The rather empty lesson of Vietnam is that war is a rather unpredictable and costly way of conducting foreign policy; but once you've launched it you are committed for quite some time.
Consider where we were in March 2003. It was becoming increasingly clear that Hussein had no active nuclear program, and that his ability to deliver any weaponized biological and chemical devices was limited to say the least (For all the fuss about the rockets that he had exceeding their permitted range, it was that they were able to go 100 miles, rather than 90 that was the breach of the sanctions). Yet, with inspectors roaming round the desert Hussein was clearly not in a position to attack anybody. It's clearer now, but it was clear at the time too, that the regime was brittle, and pressure short of a full-out invasion and war could have brought the regime down at far less cost.
For all the billions we have spent in not making Iraq particularly democratic or secure, we could have spent that money actively supporting the democratization process in other middle eastern countries that we have more leverage over. What good are allies if they don't do what you suggest they do every now and then?
We're not going to get anywhere quickly in Iraq expecting that things will go well; if the lesson of Vietnam for John Kerry was that we don't fully understand the domestic politics of other countries (especially where they speak foreign languages etc ...), that domestic groups in those countries will inevitably try to corrupt even the best-intentioned American missions to gain political power, and that hundreds of thousands of young men in their twenties are fallible instruments for promoting democracy, then those reduced expectations are for the best.
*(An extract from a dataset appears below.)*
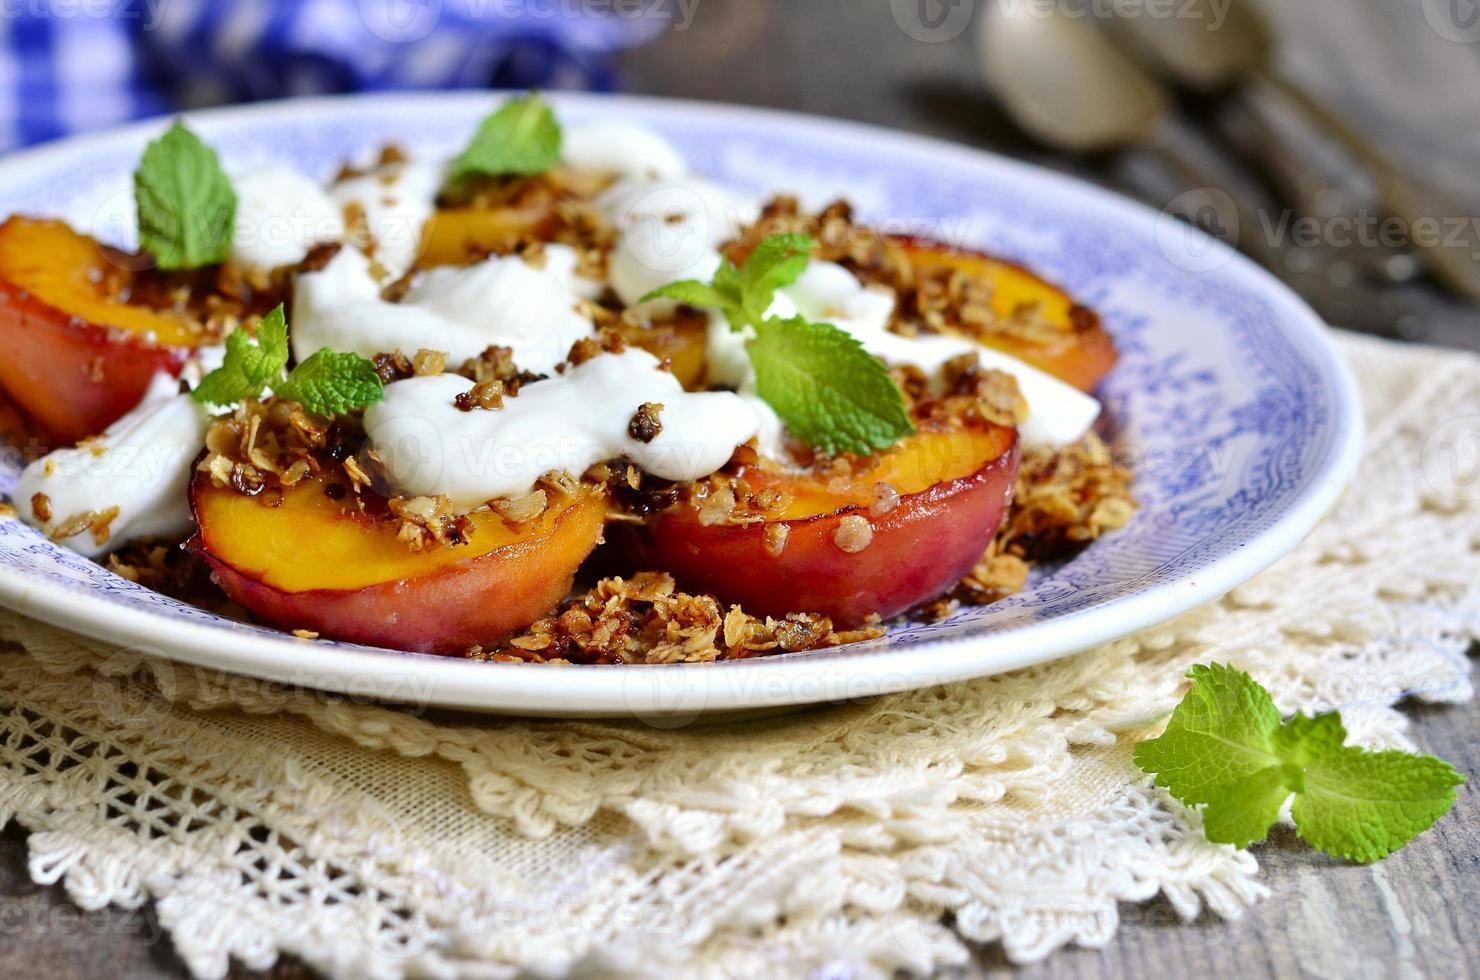 Gegrillte Pfirsiche mit Müsli und Schlagsahne. foto
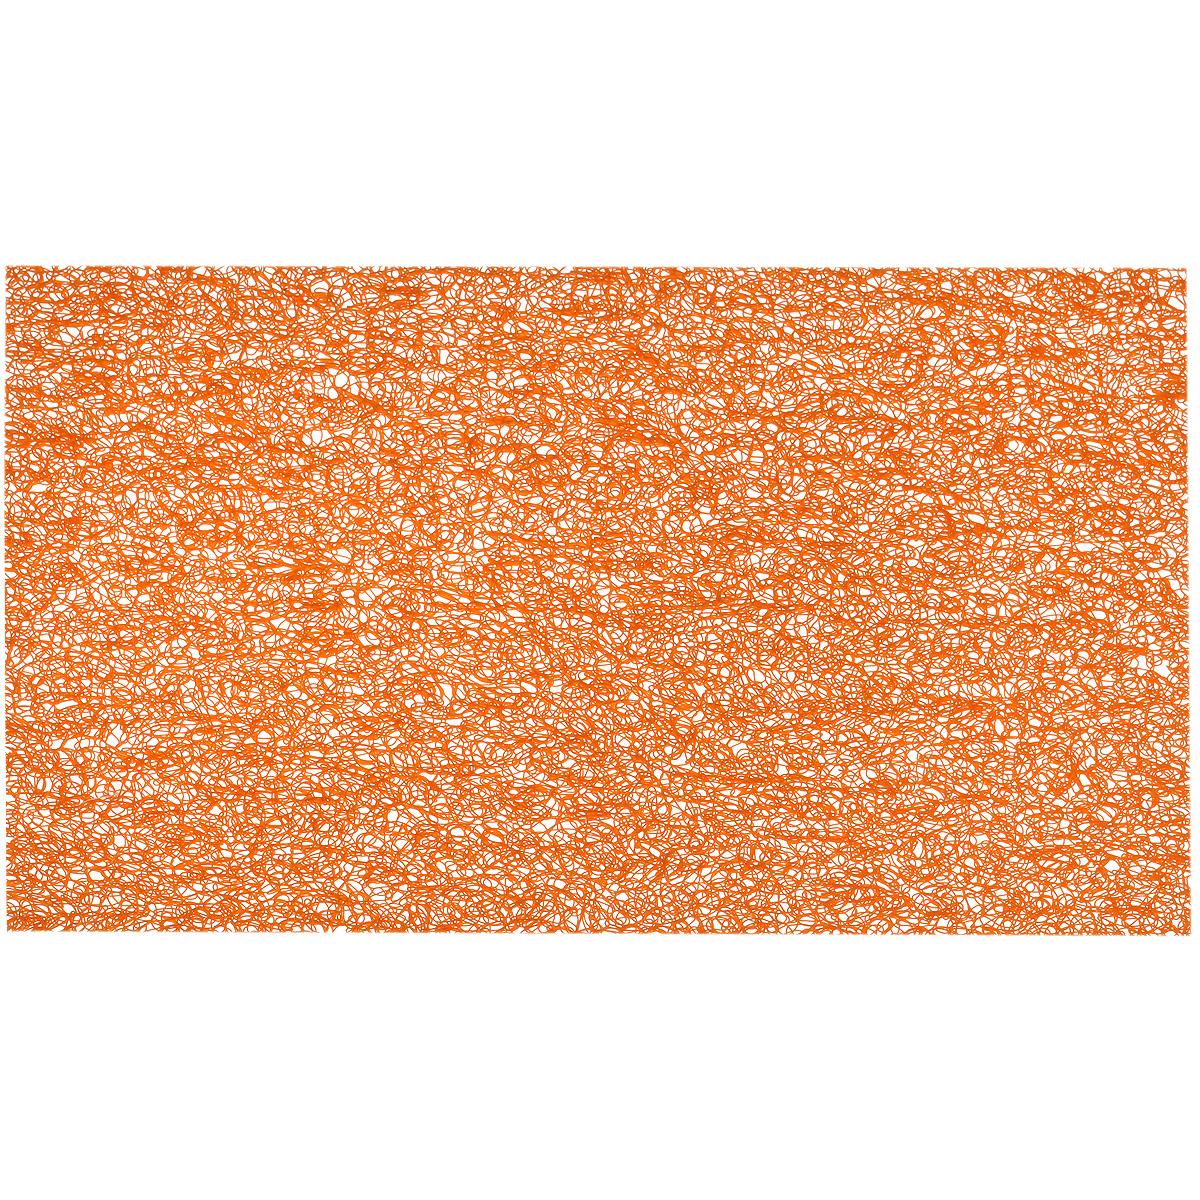 Подставка под горячее Amadeus, цвет: оранжевый, 45 х 30 см 28HZ-902428HZ-9024Прямоугольная подставка под горячее Amadeus выполнена из тонких полимерных нитей, переплетенных между собой. Подставка не боится высоких температур и легко чистится от пятен и жира. Каждая хозяйка знает, что подставка под горячее - это незаменимый и очень полезный аксессуар на каждой кухне. Ваш стол будет не только украшен оригинальной подставкой, но и сбережен от воздействия высоких температур ваших кулинарных шедевров. Размер подставки: 45 см х 30 см.

Eighteen months into the American involvement in Iraq is far too soon to claim it has been a success or failure either way. We'll surely be debating Iraq strategy in 2008 at some level. Having low expectations about the prospects for success is not just a Midwestern way of then being satisfied with a not-bad outcome, it's a prerequisite for taking all that could possibly go wrong into account and doing the best to avoid them, and ensuring some happier outcome.